It seems deep neural networks just use more layers and more processing power and slightly different algorithms:

as the network is getting tuned or “trained” it’s coming up with wrong answers —  a lot. What it needs is training. It needs to see hundreds of thousands, even millions of images, until the weightings of the neuron inputs are tuned so precisely that it gets the answer right practically every time — fog or no fog, sun or rain. It’s at that point that the neural network has taught itself what a stop sign looks like; or your mother’s face in the case of Facebook; or a cat, which is what Andrew Ng did in 2012 at Google.

Ng’s breakthrough was to take these neural networks, and essentially make them huge, increase the layers and the neurons, and then run massive amounts of data through the system to train it. In Ng’s case it was images from 10 million YouTube videos. Ng put the “deep” in deep learning, which describes all the layers in these neural networks.

OK. I’ll shift my focus to deep learning, more specifically deep neural networks. It seems deep learning is mostly about neural networks anyway, on the Wikipedia page there’s only one non-neural network algorithm mentioned: multilayer kernel machines.

Here‘s a chart of deep learning software. Almost all of these are in Python or C++ which confirms our earlier suspicions.

This is a cool page with only the best of the best deep learning papers. That’s assuming more citations means better.

Still quite intimidating. I’ll start by reading the Wiki page on Deep Learning.

One of the promises of deep learning is replacing handcrafted features with efficient algorithms for unsupervised or semi-supervised feature learning and hierarchical feature extraction.

To keep it simple for now: a feature or attribute simply means a specific input to the algorithm. For example if you’re processing an image – let’s say to classify it as a banana or a non-banana – the features would be all the pixels of the image. If you have a 100×100 pixel image, you’d have an input of 10.000 features (also called 10.000-dimensional) – actually 30.000 because you have 3 color values per pixel but let’s ignore that for now.

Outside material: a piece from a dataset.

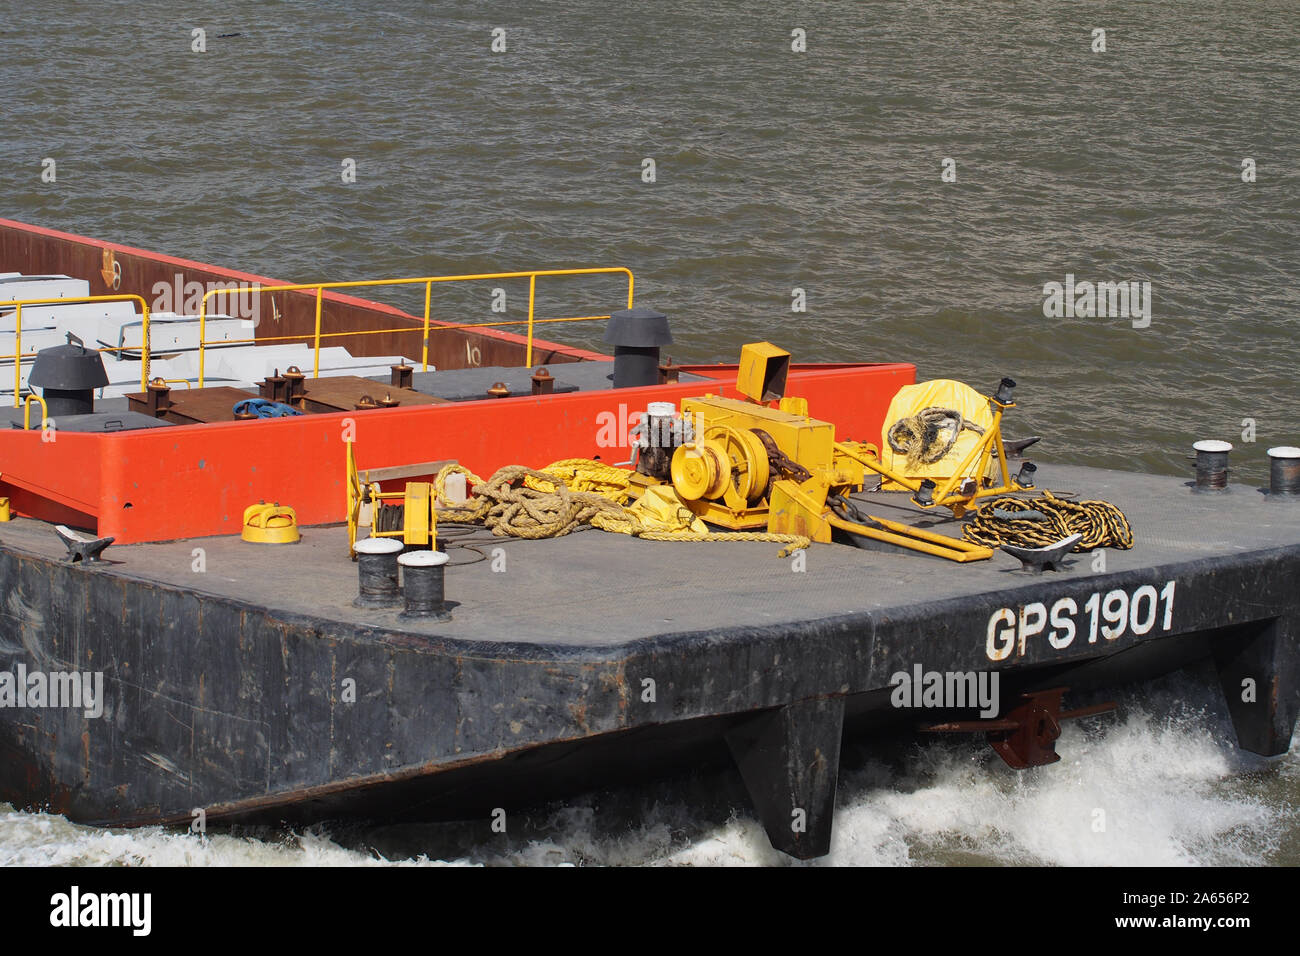 A close up view of the front of a working, moving barge on the River Thames at Westminster with ropes, pulleys and general gear on board Stock Photo

From the page on feature learning:

Feature learning is motivated by the fact that machine learning tasks such as classification often require input that is mathematically and computationally convenient to process. However, real-world data such as images, video, and sensor measurement is usually complex, redundant, and highly variable.

In our 10.000 pixel picture of a banana, there are going to be a lot of redundant pixels, which just means you don’t need all of them. In other words, the input space is not very optimal for the task of recognising a banana.

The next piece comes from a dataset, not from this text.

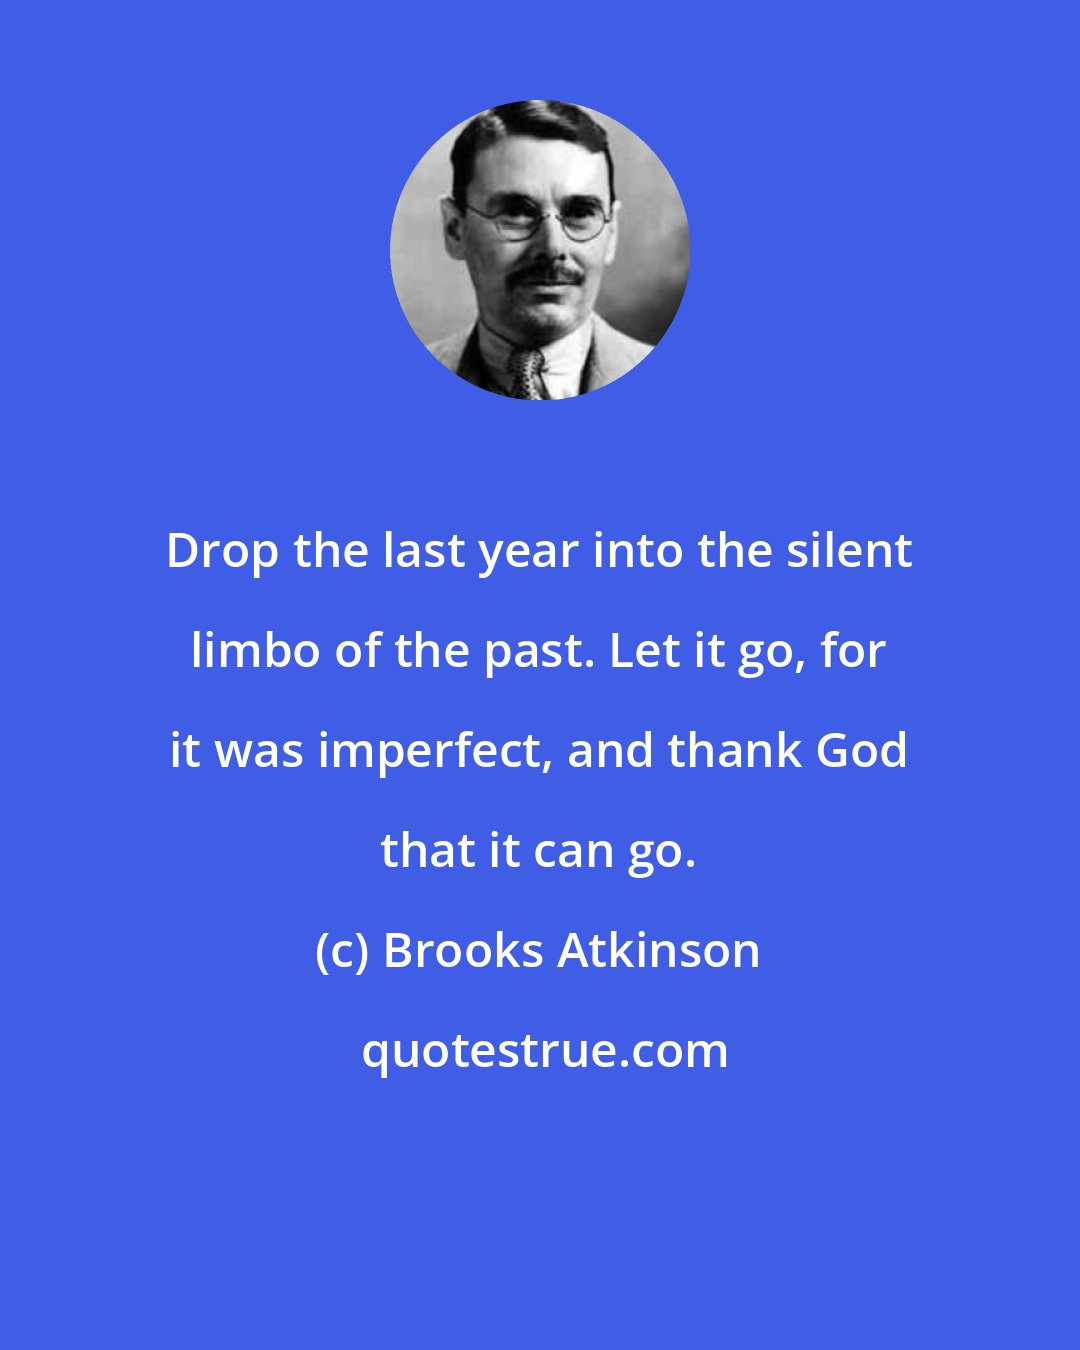 Brooks Atkinson: Drop the last year into the silent limbo of the past. Let it go, for it was imperfect, and thank God that it can go.

  1. You don’t need all the pixels, you can probably remove a lot of them
  2. Pixels lying next to each other are probably related (if a pixel is yellow, there’s a high chance its neighbours will be yellow as well, except on the edges of the banana)
  3. You probably don’t need the noise (high frequency information) to recognise the banana (for example the brown patches on the banana or small background features), but unfortunately all this info is included in the 10.000 pixel representation
  4. So you can probably transform the pixels to a completely different coordinate system that’s more suitable for the job. You could for example transform the image to the frequency spectrum using a Fourier transform and then remove the 50% highest frequency dimensions. This would leave you with only 5000 remaining attributes instead of 10.000.

Intermezzo: What’s the Frequency Domain?

This is important to grasp and I will probably use it a lot in the future so I need to explain.

Everything in our universe can be represented in 2 ways. The normal, intuitive way is spatial. This is how we perceive every day life. This can be 1D (sound waves), 2D (images), 3D (real life) or higher dimensional.

Image in spatial domain

Banana in spatial domain

The special, weird way is frequency. It basically contains a value for each possible frequency present in the image.

Banana in frequency domain

Note that the above image contains exactly the same info as the banana image. You can do the inverse Fourier transform and reconstruct the banana exactly.

Let’s take a simpler example: a one dimensional sound wave signal (in this case it’s not really spatial but temporal – the x-axis represents time)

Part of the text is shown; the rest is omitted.